Marginal gains key to livestock farm profitability

Scotland’s top-performing livestock farm businesses are most commonly those that are consistently making incremental improvements.

This is according to the Cattle and Sheep Enterprise Profitability report covering the 2020 calf and lamb crop, released on 7 December by Quality Meat Scotland (QMS).

The report shows producers who are achieving small gains across their businesses in areas such as technical performance and reduced emissions are consistently placed in the top third of performers.

See also: How an upland farm is adapting to survive without subsidies

The results come from more than 250 farming enterprises across Scotland and take into consideration factors such as labour costs and imputed rents. The calculations omit agricultural support payments, except for payments directly linked to production.

The data also show businesses with the best financial returns and best technical efficiency also often have the lowest greenhouse gas emissions for each unit of output.

QMS chief economist Stuart Ashworth said the report showed the rewards that come from making stock more efficient.

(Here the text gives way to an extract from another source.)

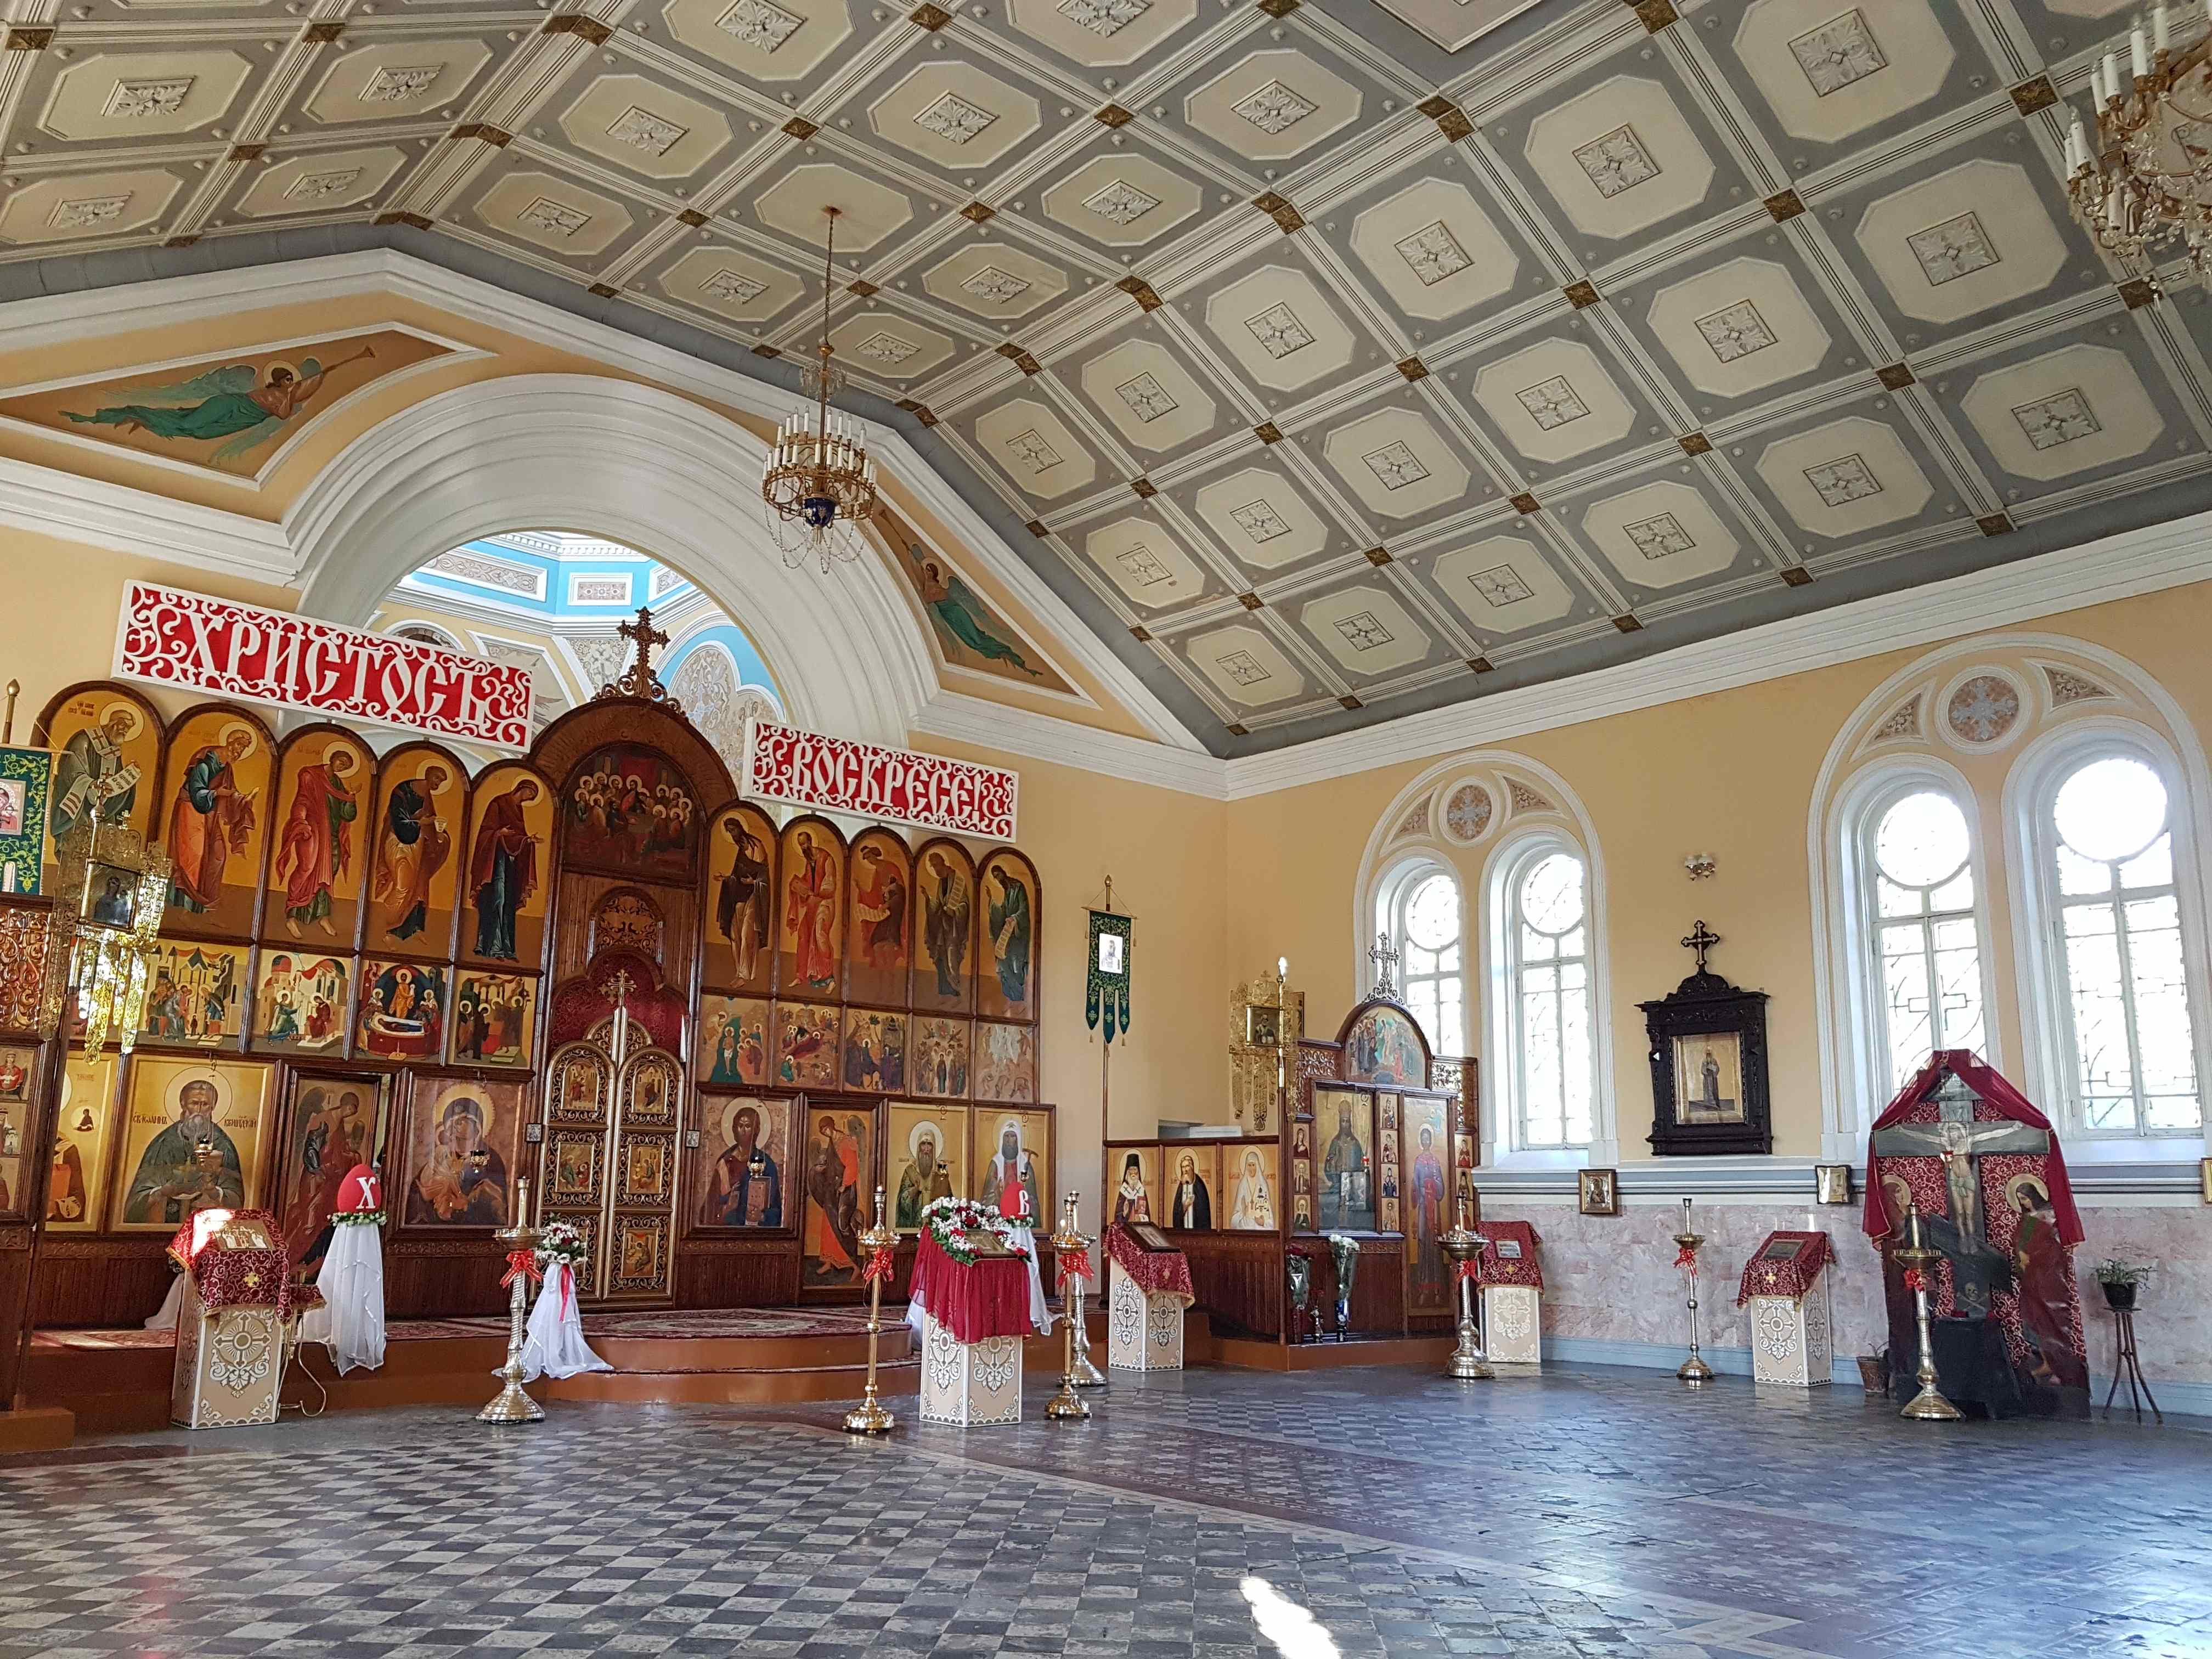 Cathédrale Saint-Alexis Samarcande Ouzbékistan Eglise orthodoxe Intérieur

“Good calving and lambing ratios, working hard to minimise your mortality in breeding and trading stock, working hard to understand where you sell those animals to good effect and choosing good genetics all aid in achieving improved results,” said Mr Ashworth.

“The 2020 calf and lamb crop will be best remembered for the challenges created by the Covid-19 pandemic and Brexit, which disrupted markets in their initial phases, but also for high farmgate prices for cattle and sheep that contributed to a general improvement in margins.

“Nevertheless, achieving a margin from the marketplace that rewards family labour and provides a return on the capital invested in livestock enterprises remains elusive and there is still a significant variation in levels of financial and technical performance within the industry.”

Sheep

Sheep did marginally better overall than cattle in 2020, due to high prices.

Less-favoured area hill sheep enterprises achieved a gross margin of £26 a ewe, up £4 a head on the year. More than one-quarter (27%) of these flocks achieved a positive net margin, compared with 15% the previous year.

Among upland flocks, 89% of enterprises surveyed achieved a positive net margin for their 2020 lamb crop, up from 55% last year.

Lowland flocks saw a notable increase, with 93% achieving a positive net margin for the 2020 lamb crop, up from 61% in 2019.

Store lamb finishers achieved a positive net margin at 93%, with average net margins increasing by more than £4 a lamb to £14 a lamb.

Cattle

The percentage of suckler herds achieving a positive net margin increased from 36% in 2019 to 45% in 2020, driven by higher prices.

Store finisher margins also increased, with 63% of businesses achieving a positive net margin in 2020, up from 36% the previous year.

Cereals-based finishers had an average net margin of £44 a head – the highest since 2017 – due to high market prices.

Future staffing

Alan Clarke, QMS chief executive, highlighted the major shortage of staff across the whole sector, which was identified as one of the key effects of Brexit.

He said QMS would start to look at innovation that can make a key difference to the industry, through the use of artificial intelligence and more mechanisation for low-level tasks, because of the concern that farming will not have enough access to labour in future.